The processing unit is specifically used to extract m image frames of the first set of image frame data for a continuous period of time, perform face recognition processing on the m image frames to obtain w image frames containing a human face, and extract w image frames The x image frames in the middle time are continuous. When the mouth area of the x image frames is identified and the action of the mouth is determined, the position of the mouth area in the x image frames in the x image frames is the sound of the audio For the source location, the m≥w≥x, and the m, w, and x are all integers greater than or equal to 2.
The device according to claim 15, characterized in that

The processing unit is specifically used to determine x mouth areas of x image frames, identify the RGB values of all pixels in the x mouth areas, and obtain the number of pixels that count non-lip RGB values among all RGB values Quantity, calculate the difference between the maximum value and the minimum value of the x numbers, if the difference is greater than the difference threshold, determine that the x images have mouth movements, if the difference is less than the difference threshold, determine the x The image does not have mouth movements.
The device according to claim 15, characterized in that

The processing unit is specifically used to determine x mouth regions of x image frames, identify the RGB values of all pixels of the x mouth regions, and calculate the number of pixels of the tooth RGB value among all RGB values to obtain x numbers Calculate the number y of x numbers that is greater than the threshold value of the quantity. If y / x is greater than the ratio threshold value, determine that x image frames have mouth movements.
An electronic device, characterized in that it includes a processor, a memory, a communication interface, and one or more programs, the one or more programs are stored in the memory, and are configured to be executed by the processor, The program includes instructions for performing the steps in the method of any one of claims 1-9.
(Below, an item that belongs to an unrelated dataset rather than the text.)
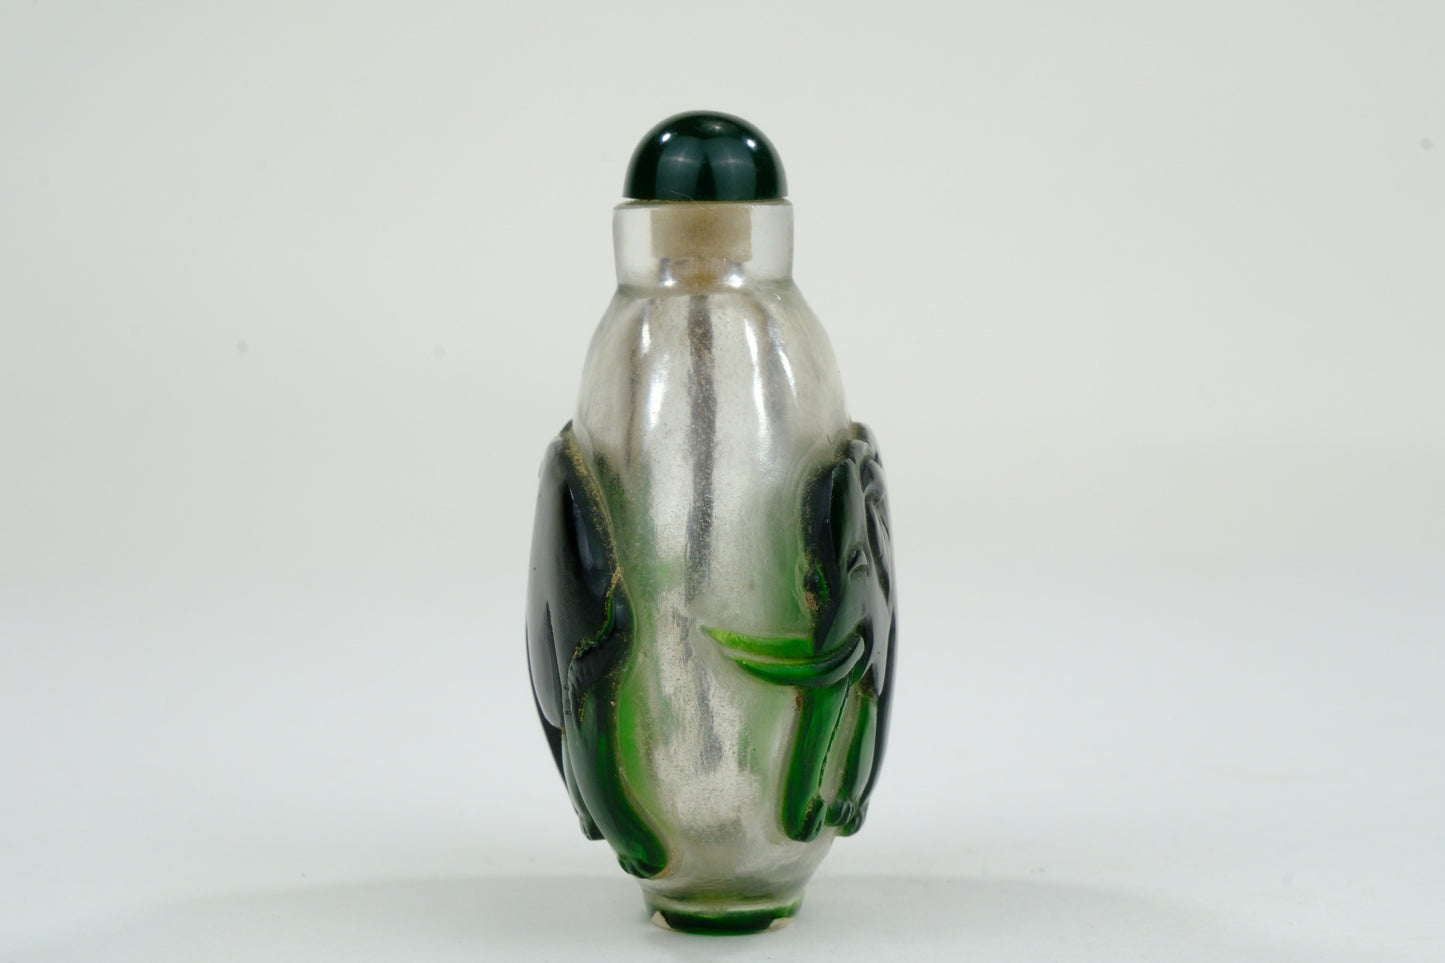 Vintage Chinese Glass Snuff Bottle Elephant Motif 3"
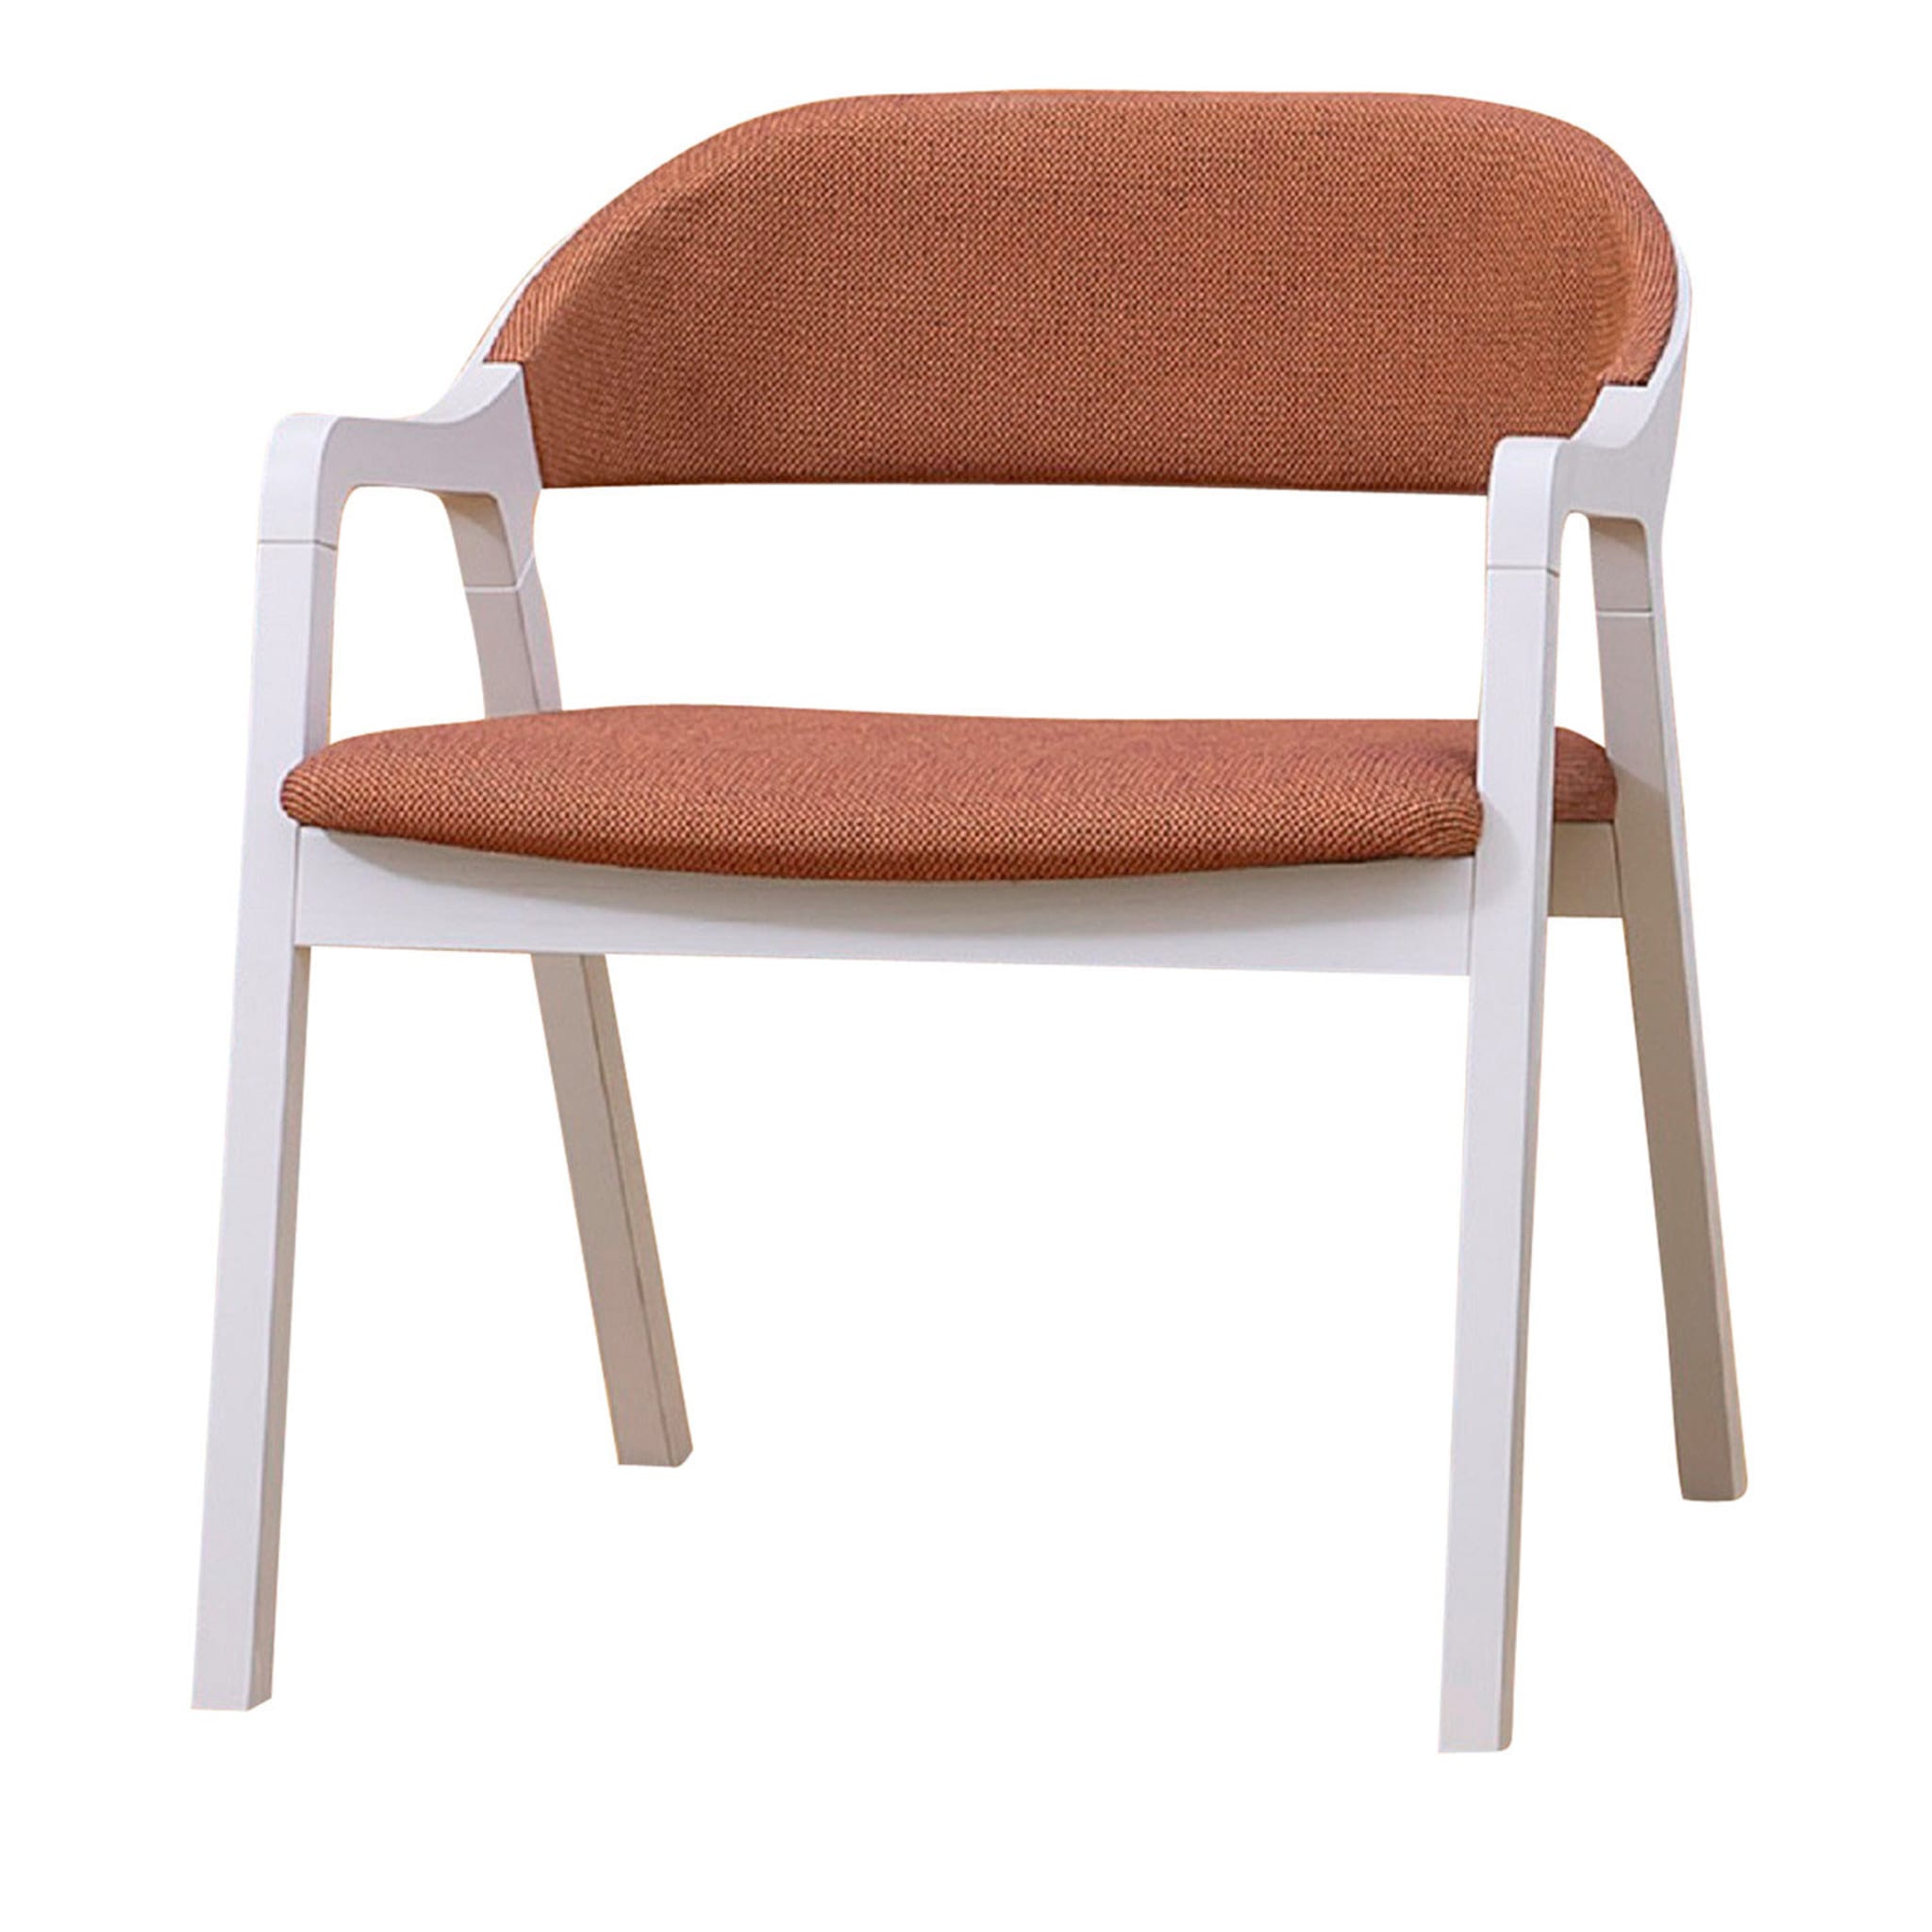 Layer Lounge Chair by Michael Geldmacher - Main view

A computer-readable storage medium characterized by storing a computer program for electronic data exchange, wherein the computer program causes a computer to execute the method according to any one of claims 1-9.
A computer program product, characterized in that the computer program product includes a non-transitory computer-readable storage medium that stores a computer program, the computer program is operable to cause a computer to execute any one of claims 1-9 Described method.